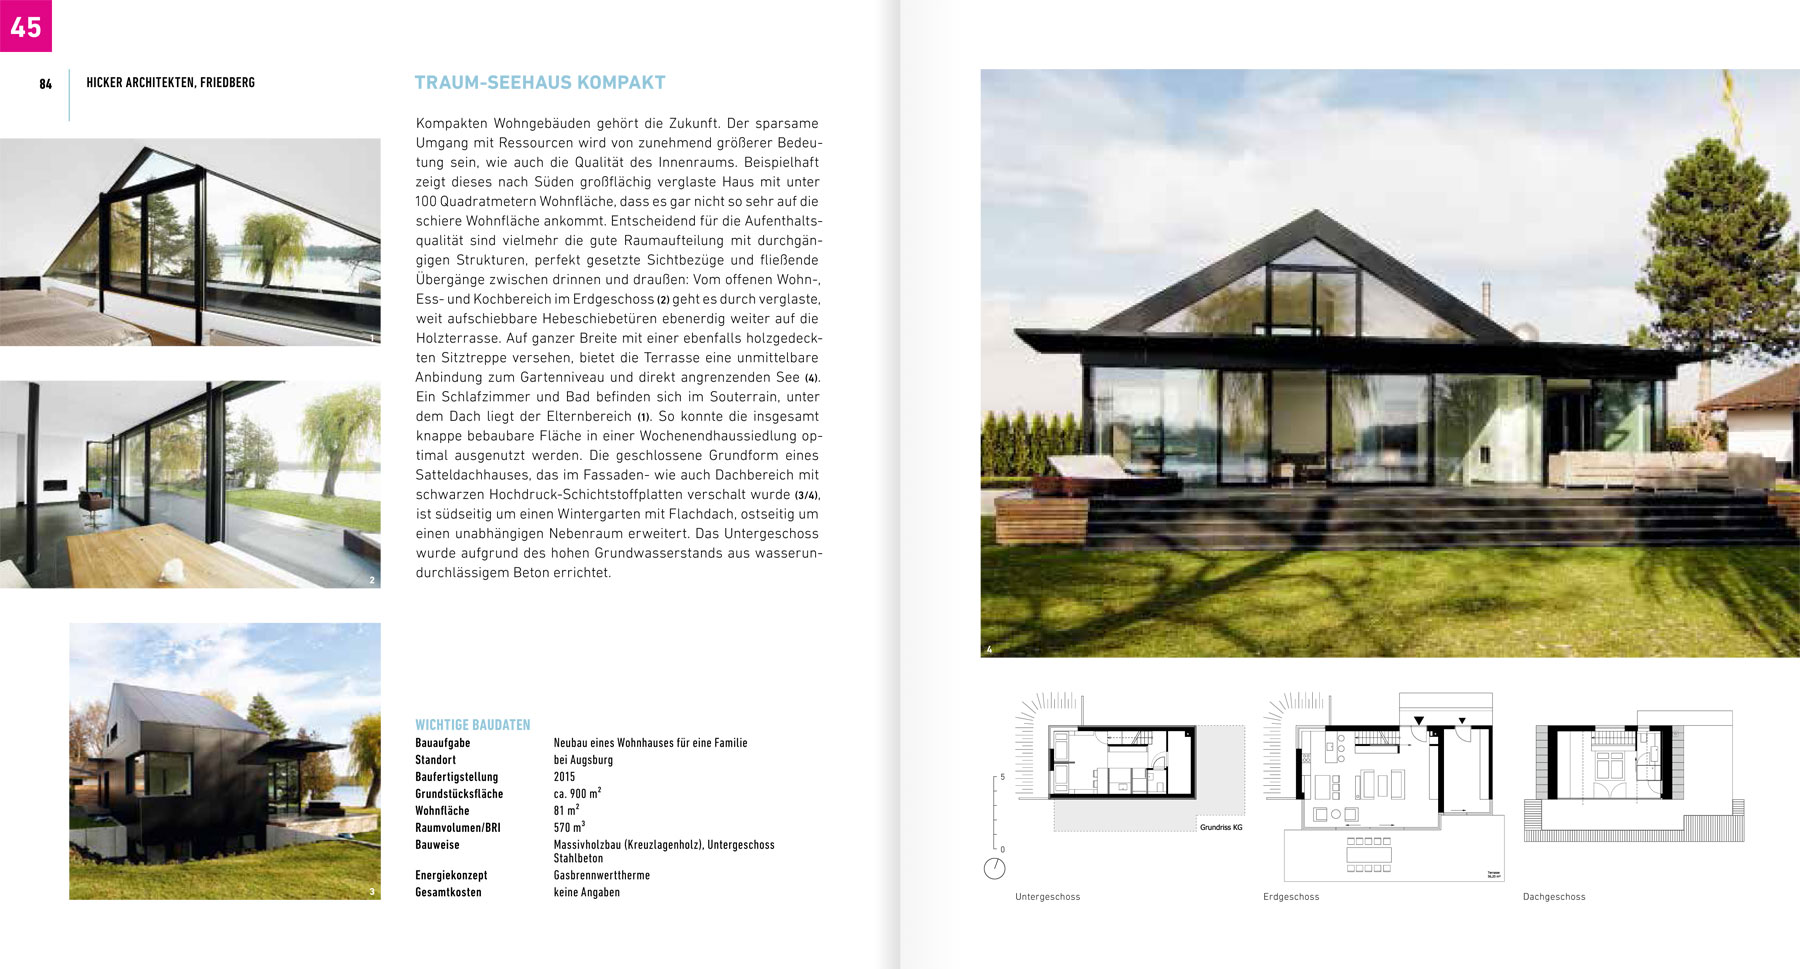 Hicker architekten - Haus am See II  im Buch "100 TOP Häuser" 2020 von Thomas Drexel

==

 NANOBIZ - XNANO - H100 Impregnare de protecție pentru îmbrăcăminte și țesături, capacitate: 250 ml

---

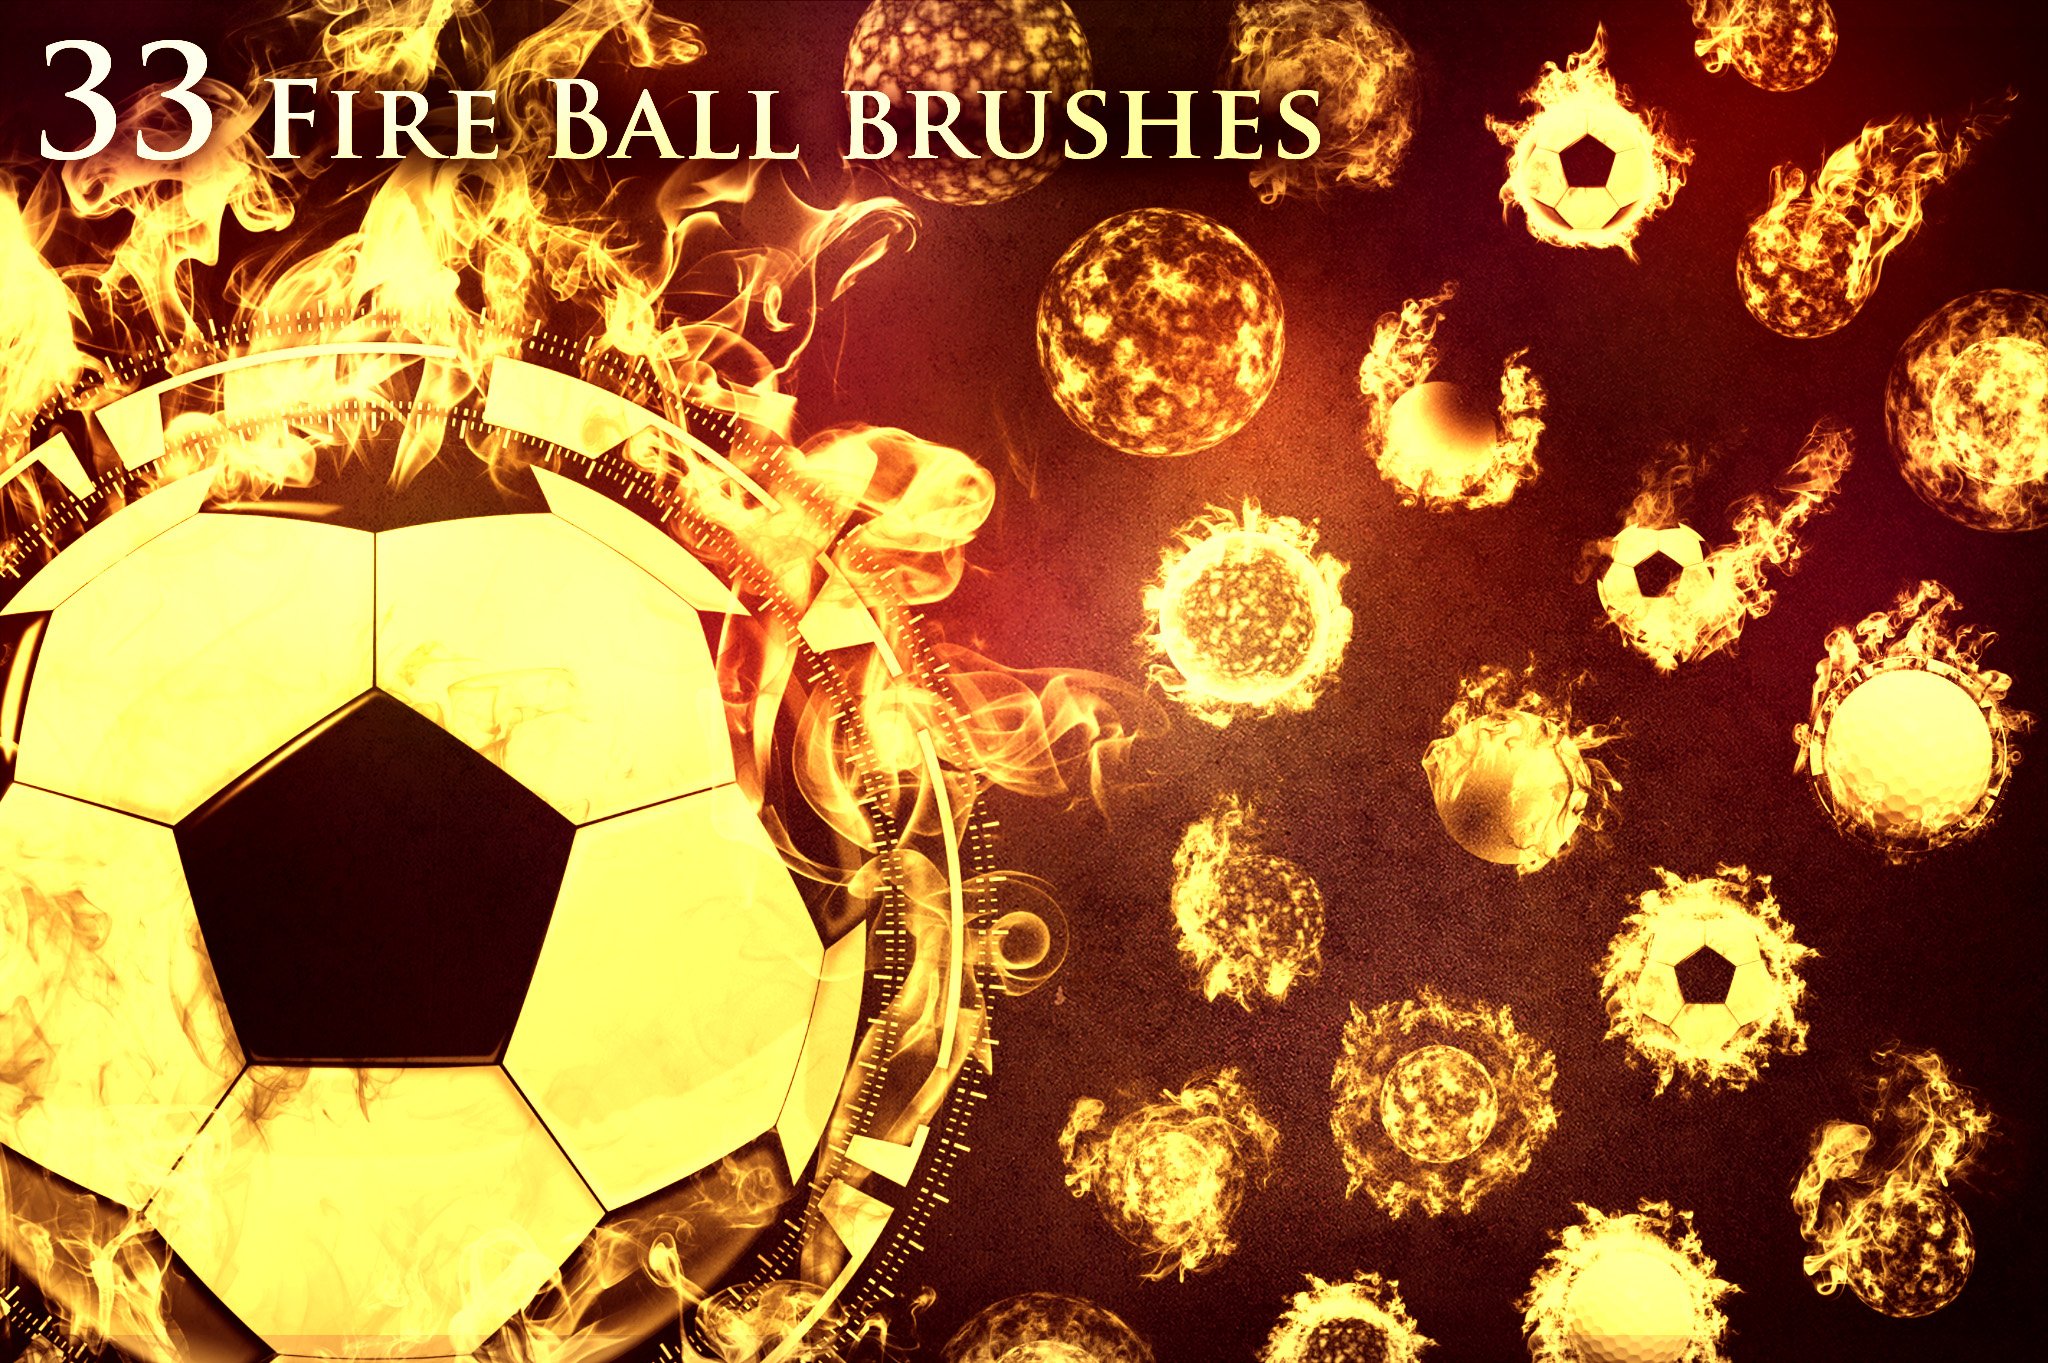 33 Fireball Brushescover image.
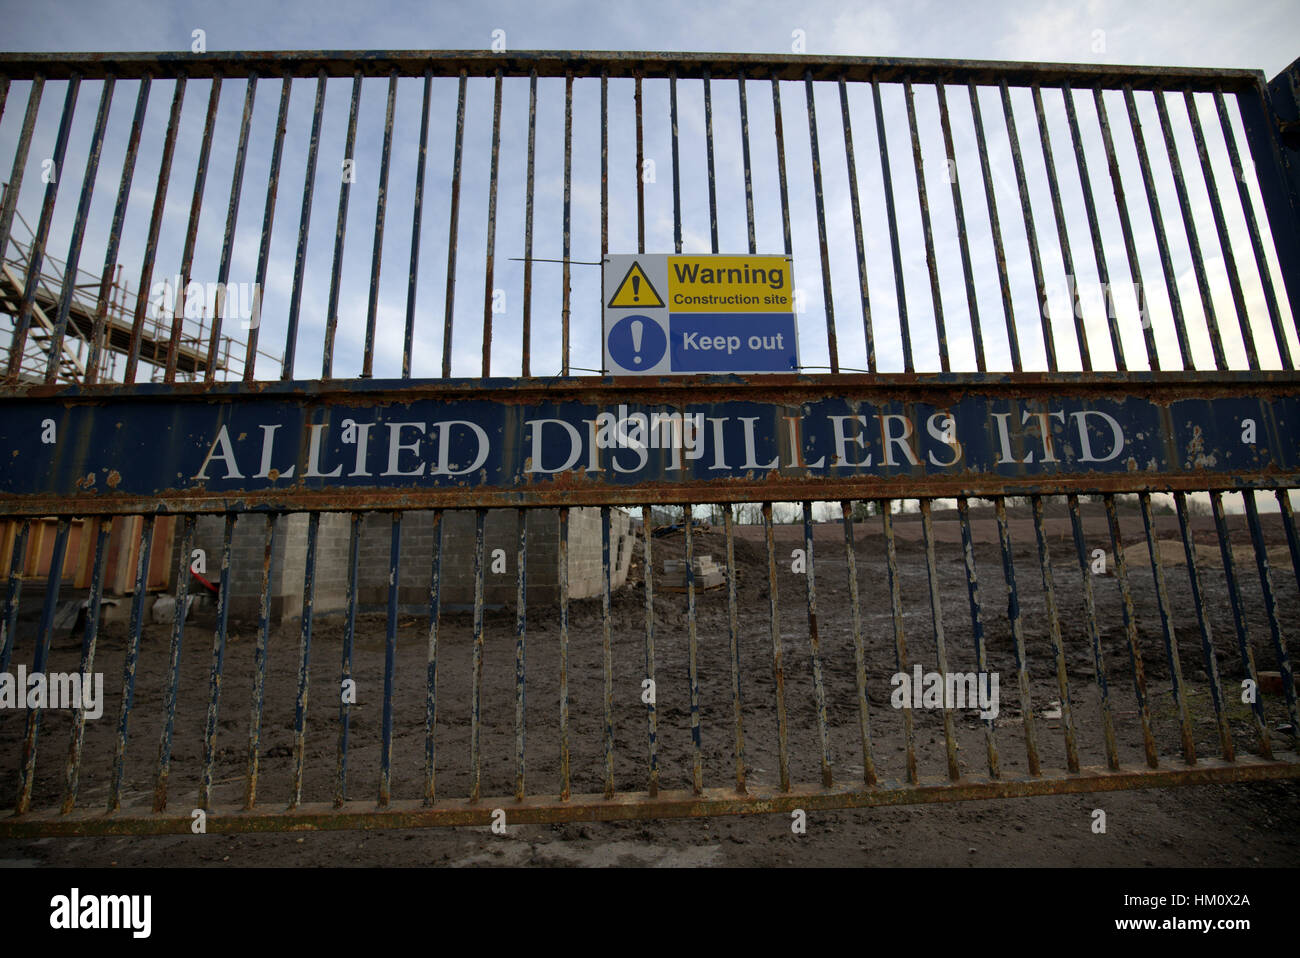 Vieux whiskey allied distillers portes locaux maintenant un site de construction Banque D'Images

THE PROBLEM – Print an exact copy of the lines above, from the one containing "33 Fireball Brushescover image." through the one containing "Vieux whiskey allied", and leave out the pictures.

ANSWER BELOW –
 33 Fireball Brushescover image.
 Vieux whiskey allied distillers portes locaux maintenant un site de construction Banque D'Images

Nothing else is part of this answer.